Erik bersama seorang wanita yang sangat cantik, berambut panjang, kulitnya pun sempurna. “Erriik!! Sex Bokep Senyuman misterius menghiasi wajahnya. Kenapa??!!”
Dia melihatku dengan pandangan marah. Marah yaa? Wanita itu mengerang dengan keras. Hatiku terasa sakit dan ngilu. Aku lumayan capek, tapi aku senang. Maria” Erik melemparkan senyum yang berbeda dari kemarin. “Karena dia adalah putra tunggal dari pemilik yayasan ini..”Tak kusangka, pertemuanku dengan Erik Torian bisa mengubah hidupku, seluruhnya. Erik merebahkan wanita itu ke tempat tidur dan menindihnya, tangan Erik bermain-main dengan tubuh wanita itu, menciuminya dengan membabi buta, menciumi leher, menciumi payudara wanita itu sambil meremas-remasnya.“Ohh..Eriik..” Aku mendengar desahan wanita itu.Aku melihatnya. Erik pun menghela napas dan beristirahat sejenak, masih dalam rangkulan wanita itu. “Seperti boneka..”

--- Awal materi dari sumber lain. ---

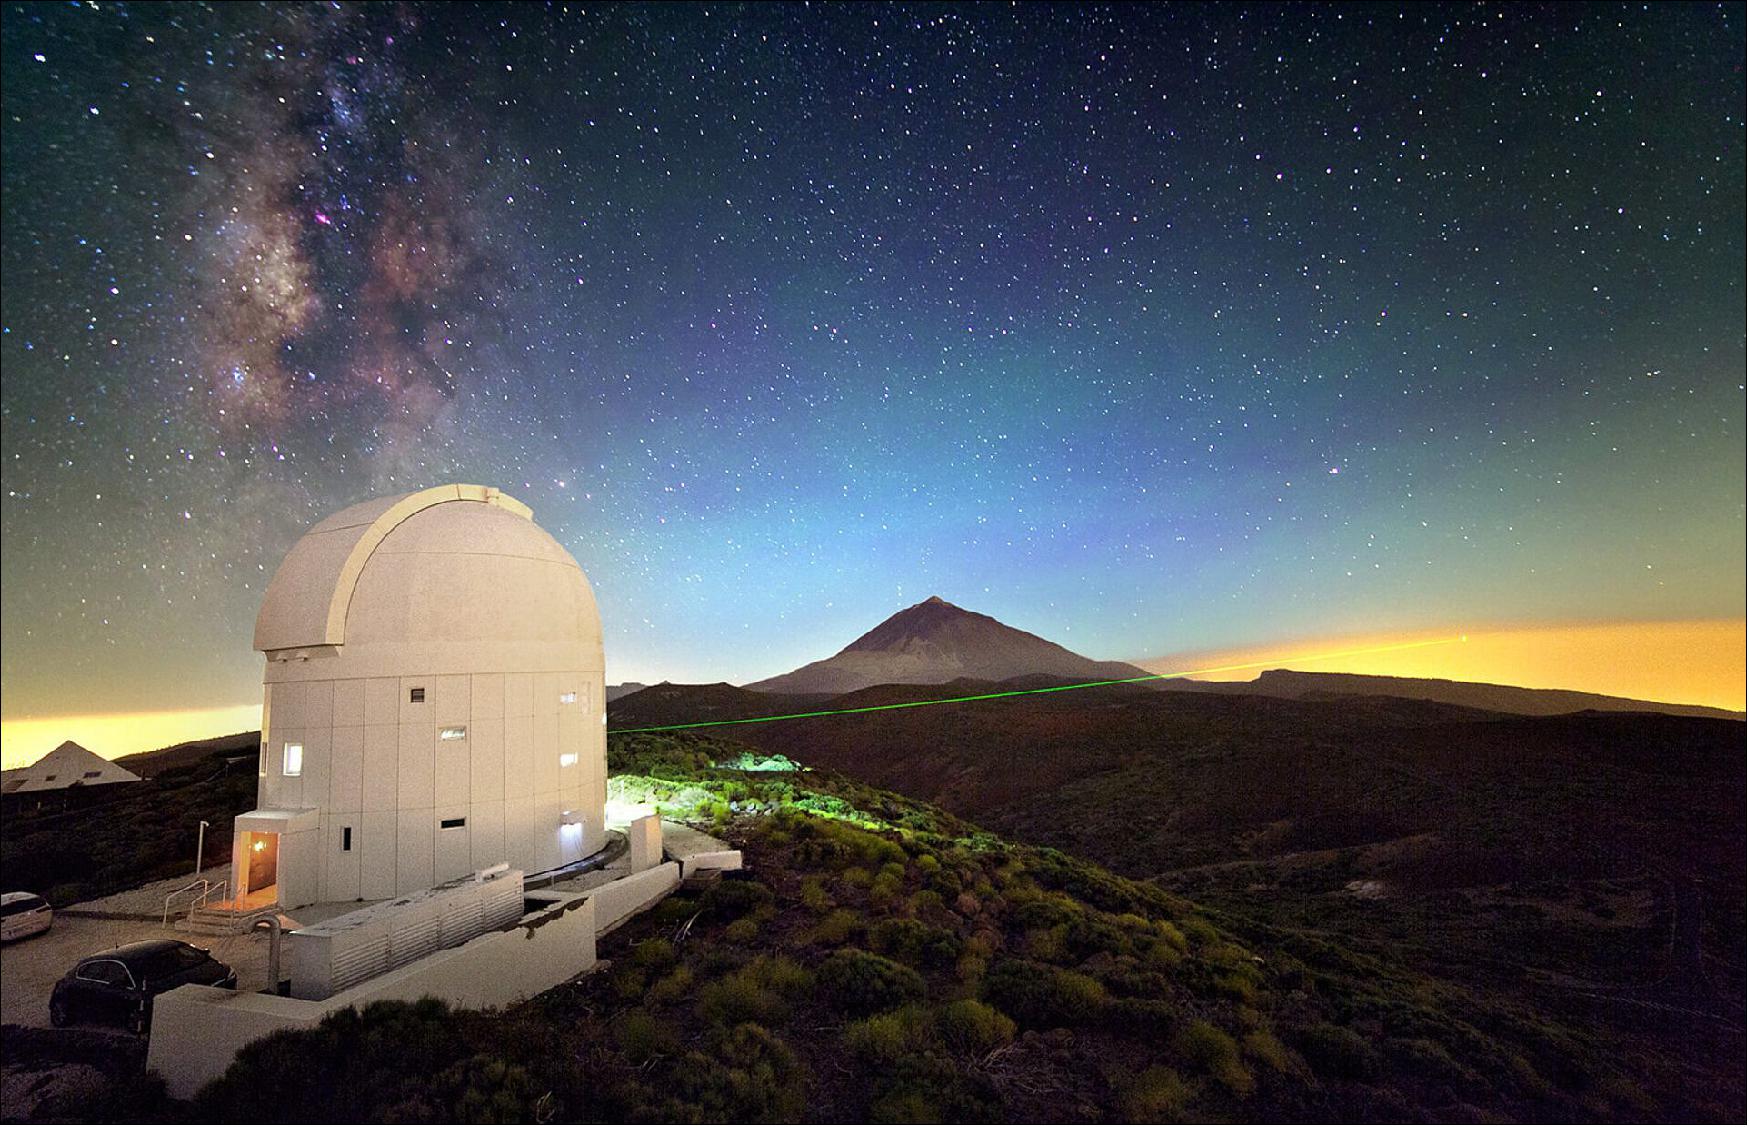 Figure 57: ESA's Optical Ground Station (OGS) is 2400 m above sea level on the volcanic island of Tenerife. Visible green laser beams are used for stabilizing the sending and receiving telescopes on the two islands. The invisible infrared single photons used for quantum teleportation are sent from the neighboring island La Palma and received by the 1 m Telescope located under the dome of the OGS. Initial experiments with entangled photons were performed in 2007, but teleportation of quantum states could only be achieved in 2012 by improving the performance of the set-up. — Aside from inter-island experiments for quantum communication and teleportation, the OGS is also used for standard laser communication with satellites, for observations of space debris or for finding new asteroids. The picture is a multiple exposure also including Tenerife's Teide volcano and the Milky Way in the background (image credit: IQOQI Vienna, Austrian Academy of Sciences)

Aku yakin sekali dia bergumam [“..boneka yang aku idam-idamkan”]
Lalu dia melepaskan wajahku dan langsung meninggalkanku begitu saja.Sehari setelah kunjungan itu, Erik bersama temannya itu kembali mengunjungi yayasan, untuk mengadopsi diriku. Dia memperhatikanku sejenak dan senyuman misterius itu hadir lagi.Dia pun membungkukkan tubuhnya,
“Hey, tukang ngintip cilik.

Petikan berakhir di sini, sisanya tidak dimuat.